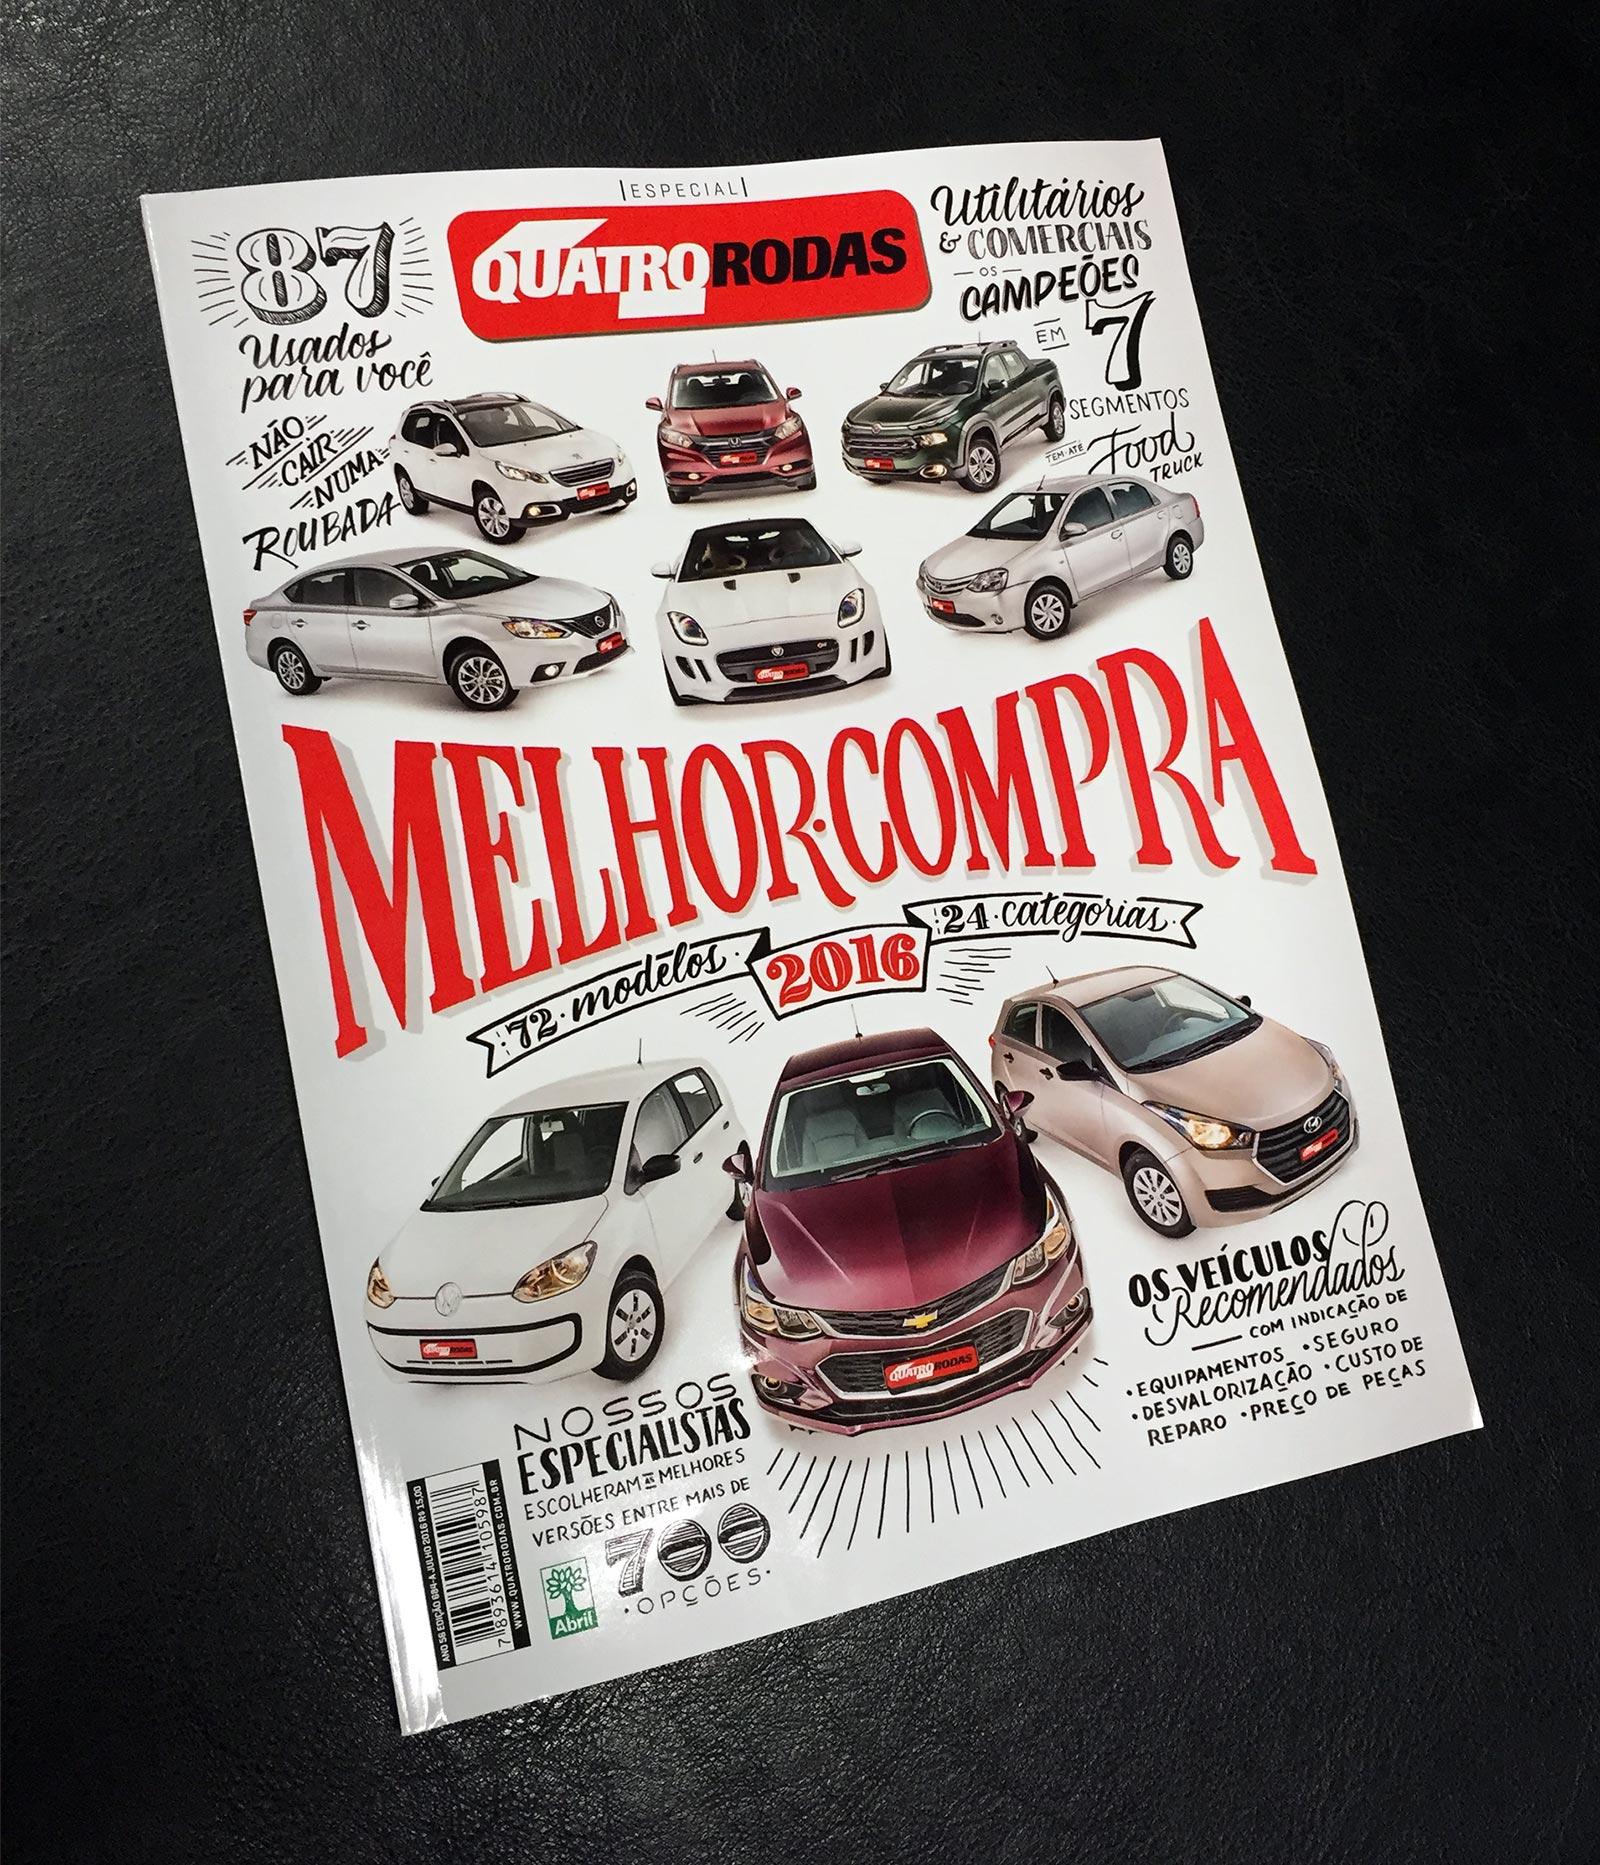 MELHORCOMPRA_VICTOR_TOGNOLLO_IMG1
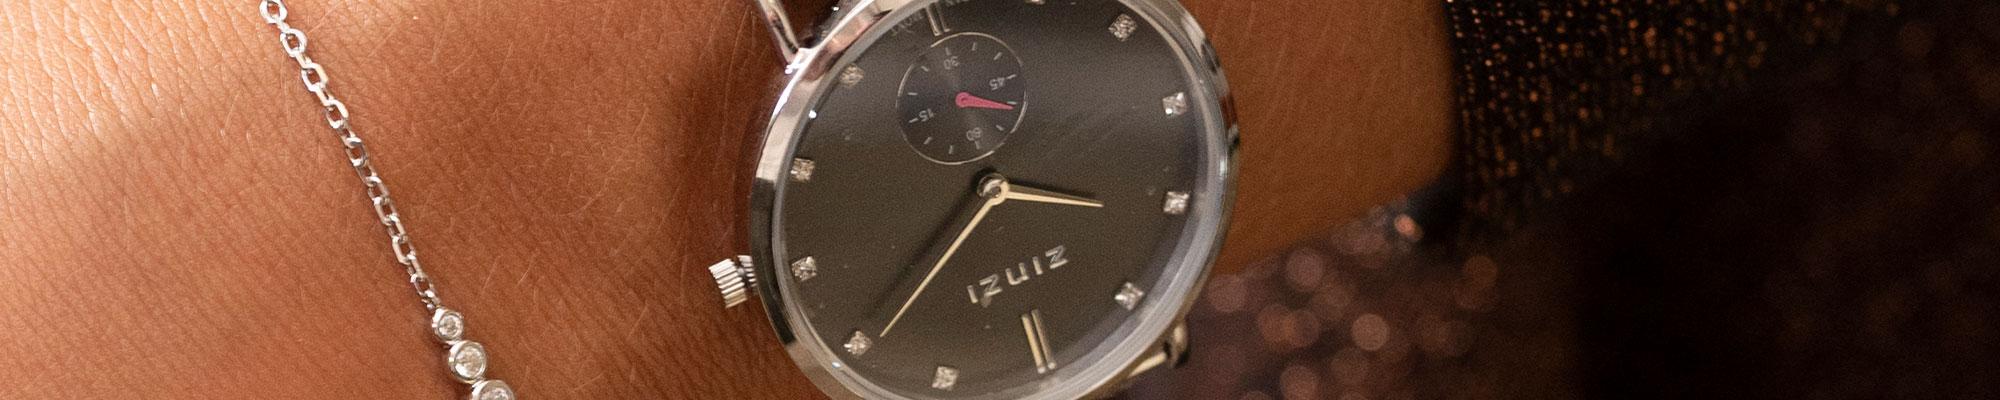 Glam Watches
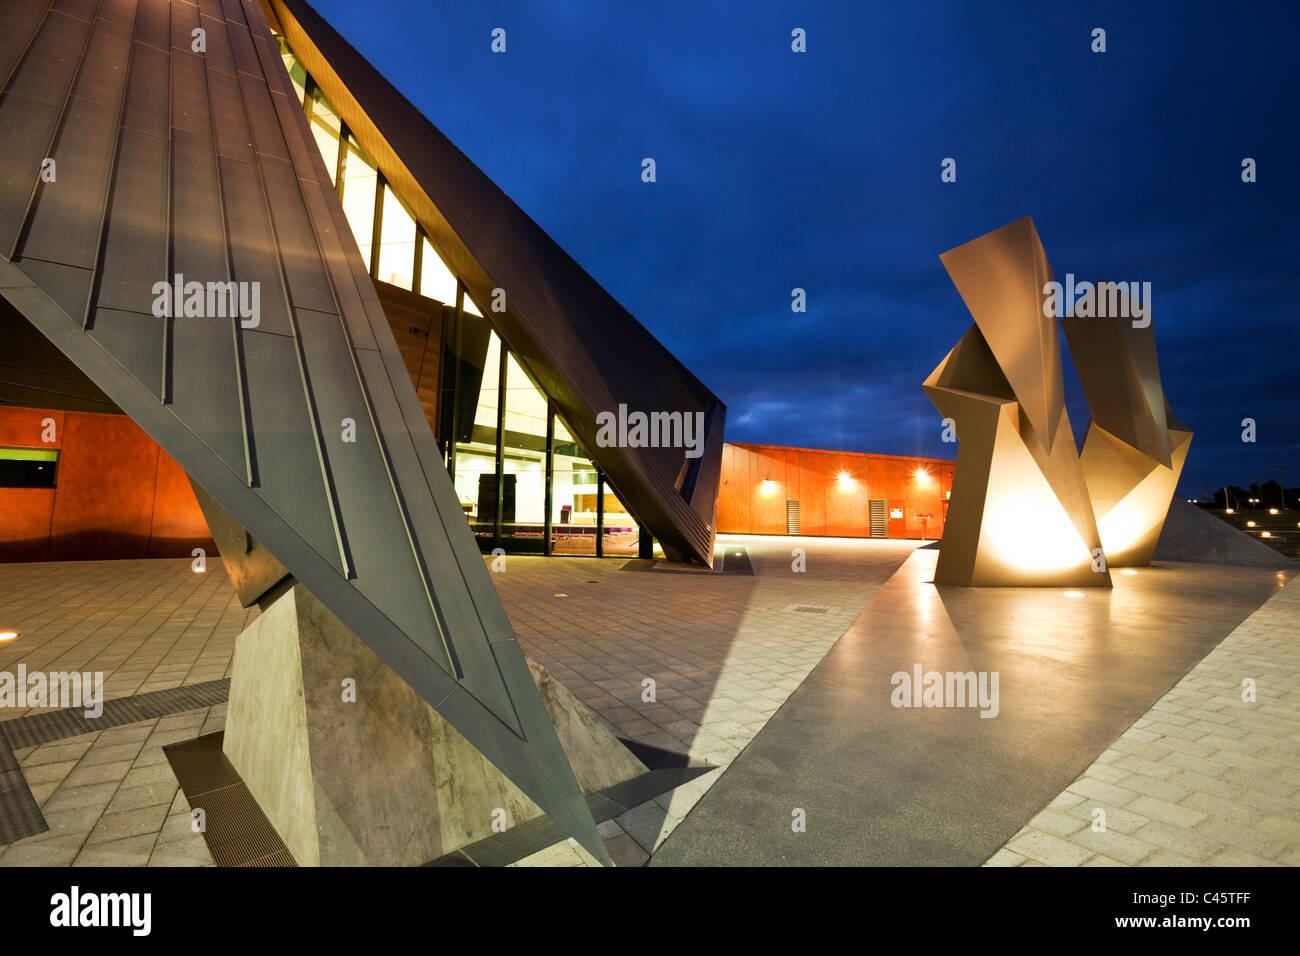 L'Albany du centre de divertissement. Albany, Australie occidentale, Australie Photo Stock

_____

§ **What to work on**
Every line of the data above should be returned exactly, with the pictures removed.

§ **Written response**
 MELHORCOMPRA_VICTOR_TOGNOLLO_IMG1
 Glam Watches
 L'Albany du centre de divertissement. Albany, Australie occidentale, Australie Photo Stock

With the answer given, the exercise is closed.